Most people associate "on the edge," with someone crazy, unstable, risky; we associate it with a negative image. For me, the marathon forced me to take a few steps toward the edge. To a place where mental and physical depletion meet; a place where one has no reserves. I have to admit, it was a scary place. When you enter that place, simple logic doesn't help you; time loses its grip; cause and effect break down; simple logic doesn't apply. This is the unknown.
Doesn't this sound like the original opening to the classic “Twilight Zone”? By the way, one of the best series and Rob Serling is one of, if not the most talented director ever. Essentially, once you move away from the physical to the mental landscape, you are entering the Twilight Zone. We all like control; well, “on the edge,” you control very little. Funny thing is, in real life, we control very little although we think we have some control.
I’ve never been one to preach but something inside is telling me I must share my experiences (especially over the last 3 years) with others as it might be beneficial to a few folks. I highly recommend that you venture at least “one step” toward the edge; get out of your comfort zone. Remember, being near the edge is only temporary and then, once there, it’s not as much of an unknown. In fact, you are expanding your comfort zone.
I just found out that less than one tenth of the world finishes a marathon each year. I’m honored and humbled to be part of that club and now I understand why it is such a big deal. I played almost every sport and I’ve never been challenged nor ventured so far near the edge as I did during the marathon. Imagine a constant battle with your left brain telling you to stop; you can’t do this; you aren’t ready; you are crazy, and you still push through. It was an out of body experience. Even the 3 days following the marathon, I didn’t feel like I was totally back mentally. Everything looked different; the sky, trees, grass, my kids, wife . . . everything.
I feel like I broke through a wall. The scary thing is I could see me breaking through the wall but a whole new series of walls was waiting for me. This makes me think of one of my favorite movies being the original Matrix. Every time Neo ventured deeper, there was more walls waiting for him but each time, he never saw the world the same again. The world is so vast; there’s so many great people out there; so many special people; so much spirit, love, determination . . . but we can’t begin to understand, relate or even sympathize until we move toward the edge in some way or another. Otherwise we live in a box (just like the all the folks that were part of the Matrix).

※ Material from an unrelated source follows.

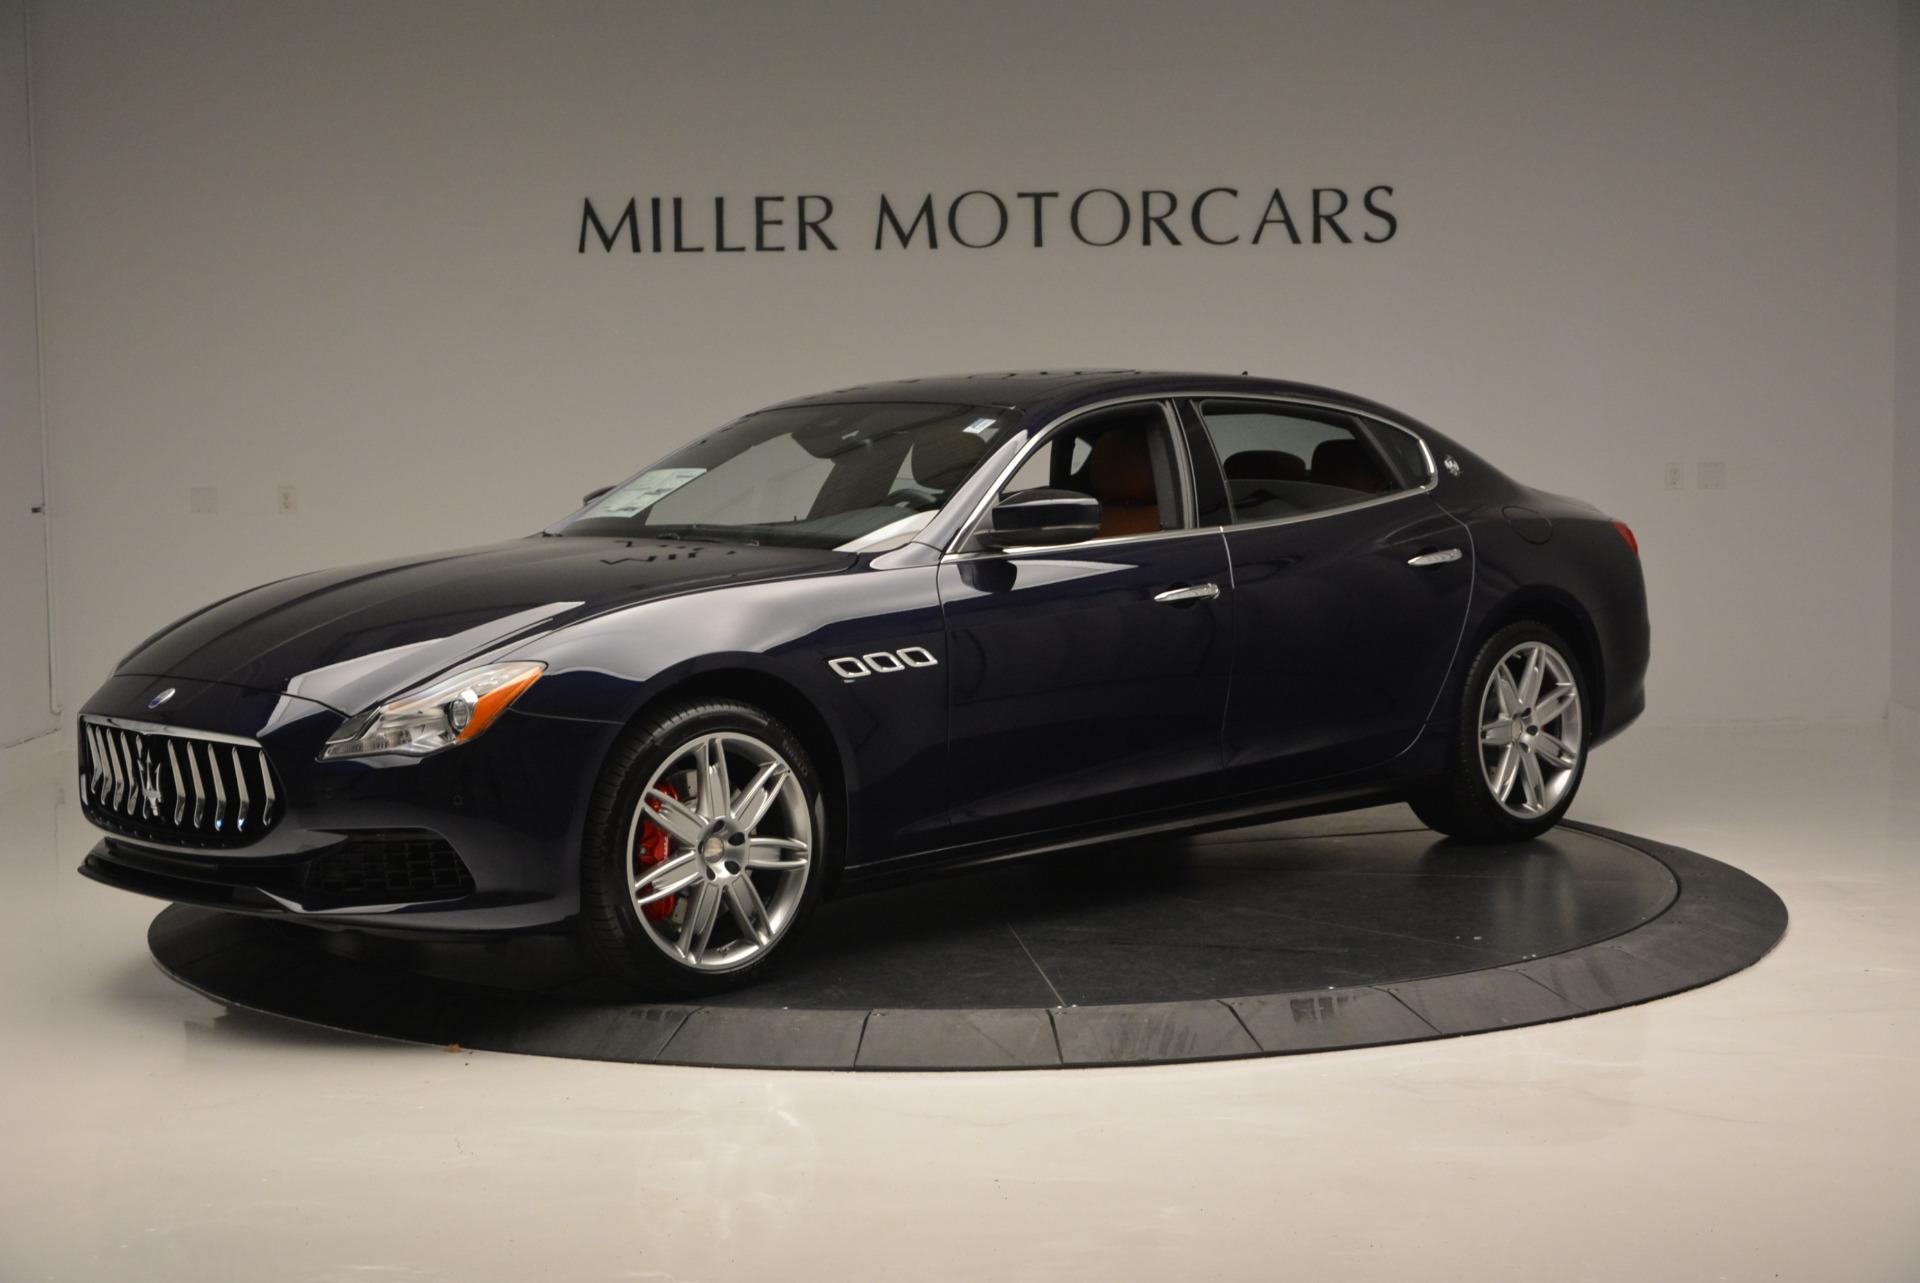 New-2017-Maserati-Quattroporte-S-Q4
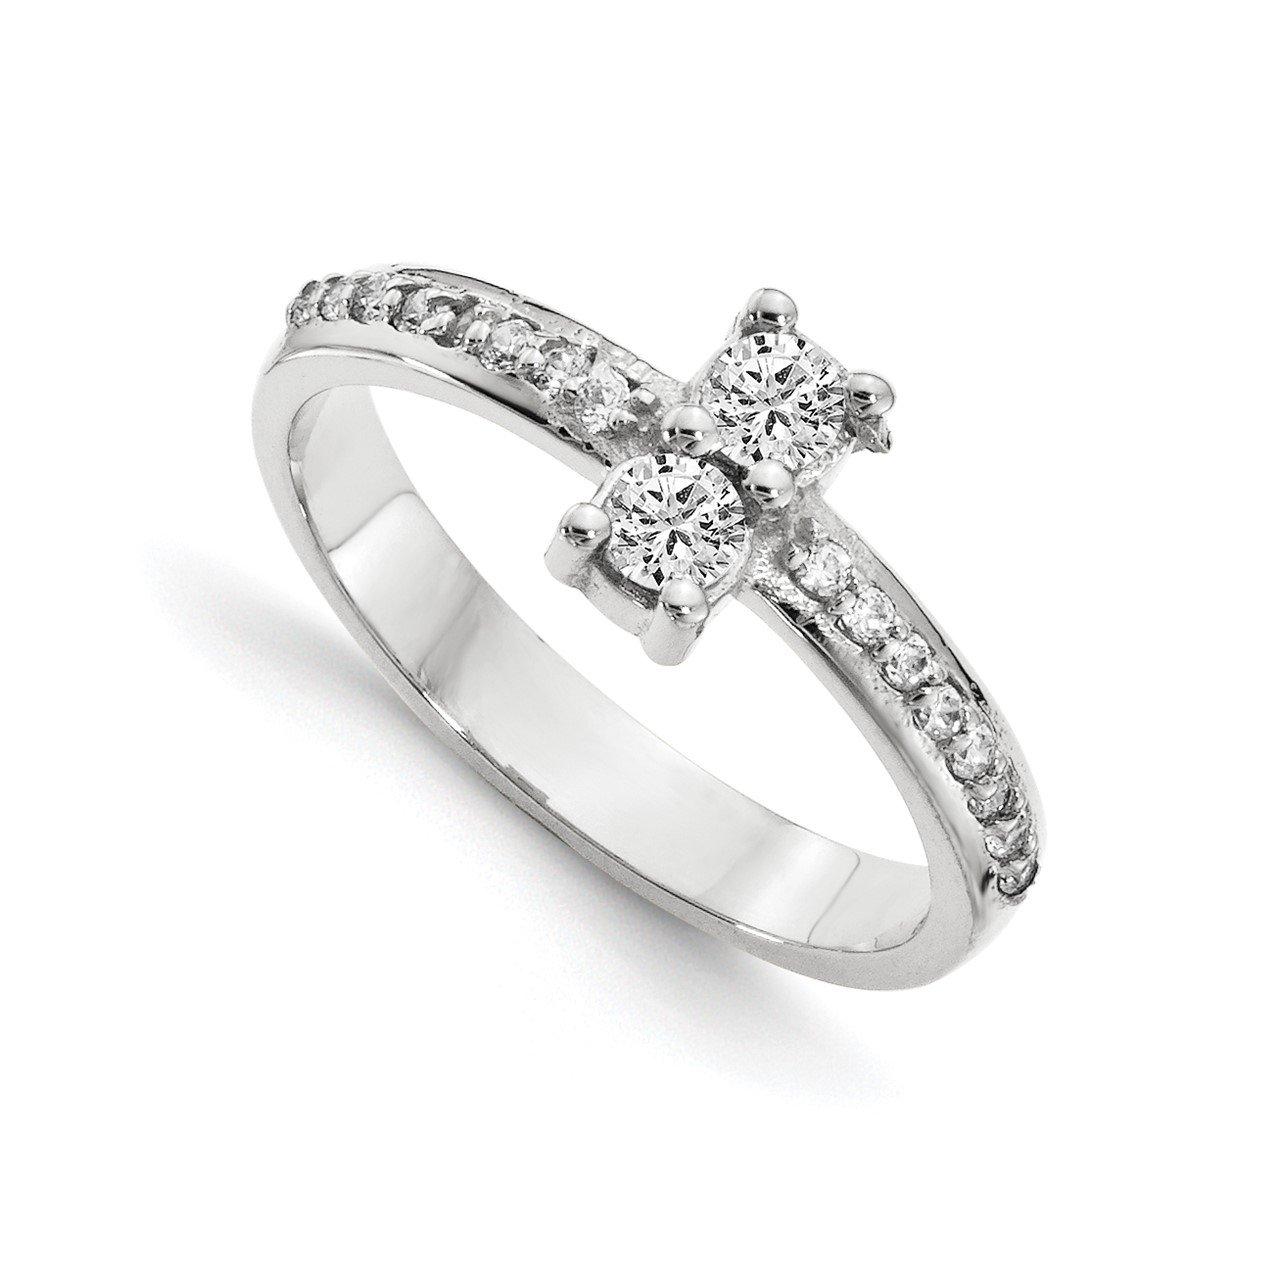 14KW VS Diamond 2-stone Ring Semi-Mount - 2.7 mm center stones

Really, think about it? I know I’m just starting a new (and perhaps scary) venture in life. I’m so lucky to have my wife by my side as I try to comfort the “new walls,” in some way, fashion or form.
Tuesday, May 5, 2009
Monday, May 4, 2009
I spent my entire life playing basketball and tennis; went on to play basketball in college. I played with great players, several of which went on to play in the NBA. However, I picked up running 3 years ago and I can say, without question, runners, swimmers and bikers are some of the most incredible athletes I've ever met. The endurance, spirit, focus and determination is unparalleled. The quality of person I meet is inspiring and daunting. To speak with a 60+ yr. old man who is running is 65th marathon; to speak with a 62 yr. old woman running 50 marathons in 50 states; to get passed (and beat) by men and women of all ages is humbling but so inspiring. I'm making a generality here and it doesn't apply to each individual but unlike my prior life in athletics, these folks also have such a broad and inspiring view of themselves, others, and the world. I learned more about a person's spirit in 3 yrs. of running than I ever learned in basketball or tennis.